I know this against code and unsafe but can someone explain why I shouldn’t and what the potential scenario is that would lead to the unsafe situation?
There are a lot of possible scenarios, and the biggest reason it's hard to get a straight answer to that, is without an accurate and complete schematic diagram of your entire electrical installation from the meter onwards, it's hard to tell you which failure modes are likely, possible, or even conceivable.
The idea of the dedicated ground (the "equipment ground") is that no current whatsoever is flowing on it, ever. If you allow current to flow on it, there is always some voltage drop. (Wires themselves have resistance, and drop some voltage). You will end up with, somewhere, potential differences between exposed items, including any panels you have installed. All the bare wires bonding anything in the house are non longer waiting there to carry current for a millisecond, in order to trip a breaker, but they are conducting current. What could that do? Which house do you live in? There could be a different set of answers for every member of this forum.
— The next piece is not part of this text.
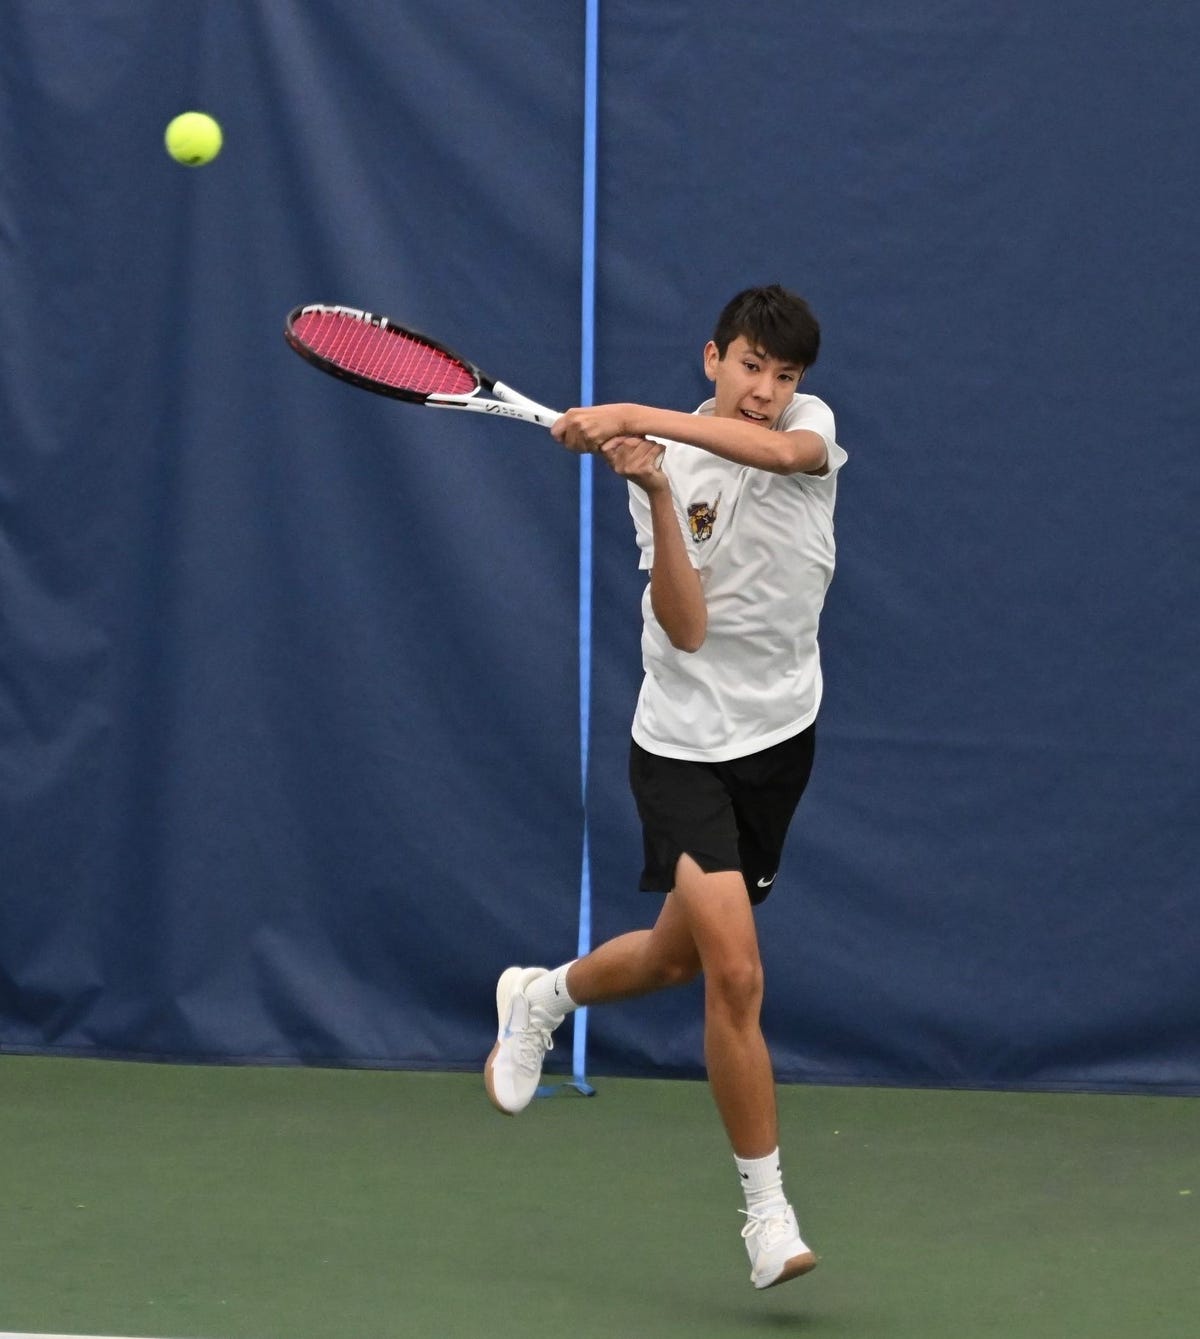 Lexington Dominates District Tennis Spots with Senior Karl Etzel Making a Double Comeback

It's not so much that some specific thing could or could not happen to you. The real world reason this should not be done, is that you do not know what might or might not be at risk, or how much risk. It could be nothing. It could be everything.
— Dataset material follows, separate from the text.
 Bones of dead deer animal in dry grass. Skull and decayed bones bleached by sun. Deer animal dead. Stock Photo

I have 4 wire single phase nearby but the lathe came with a 3 wire whip on it. I need to get an outlet for it, I could change the plug style and whip but that costs a little more.
There's your answer right there..... You need to get something..... Stew on this for a minute... It still cheats a bunch, but it doesn't affect the the rest of the house, only the lathe. You have four wire single phase available near the machine. Leave the building wire intact, with the correct four pole receptacle which is either already there, or you need to identify and source the correct one. Wire that receptacle absolutely correctly. Hot, Hot, Neutral, and Ground. Then, on the plug end of the whip, install the matching four pole plug. Depending on what cord the lathe came with, you might need white tape to reidentify the ground wire in that cord as neutral. Do that at both ends, even if it clearly just screws to an electrical box or motor housing or whatever else, reidentify it. That's the reminder that it's no longer a "ground", but a "neutral".. Attach that re identified, now neutral wire to the Neutral pin in the plug.
By solving the problem "outside" of the receptacle, instead of the building wire, you will not affect the design intent of the building's wiring, no current going through the things that are bonded to ground, not put current parts of your building that were designed to last ONLY long enough to trip a breaker, you will simply make your building as it should be (or at least how it is now), and the lathe as it would have been before enough people died that the dedicated equipment ground became mandatory. Prior to the equipment ground being separated and manditory, this is how it would have been factory wired if it were designed to have 120 volt accessories. (Or 117 volt, or 115 volt, or 110 volt....).
Still not as good as doing it right, but the compromise is well documented, well known, and very isolated to the lathe it's self. The rest of the house is exactly as it was, no new risk, no new compromise, nothing about this affects anything, anywhere, except the lathe it's self.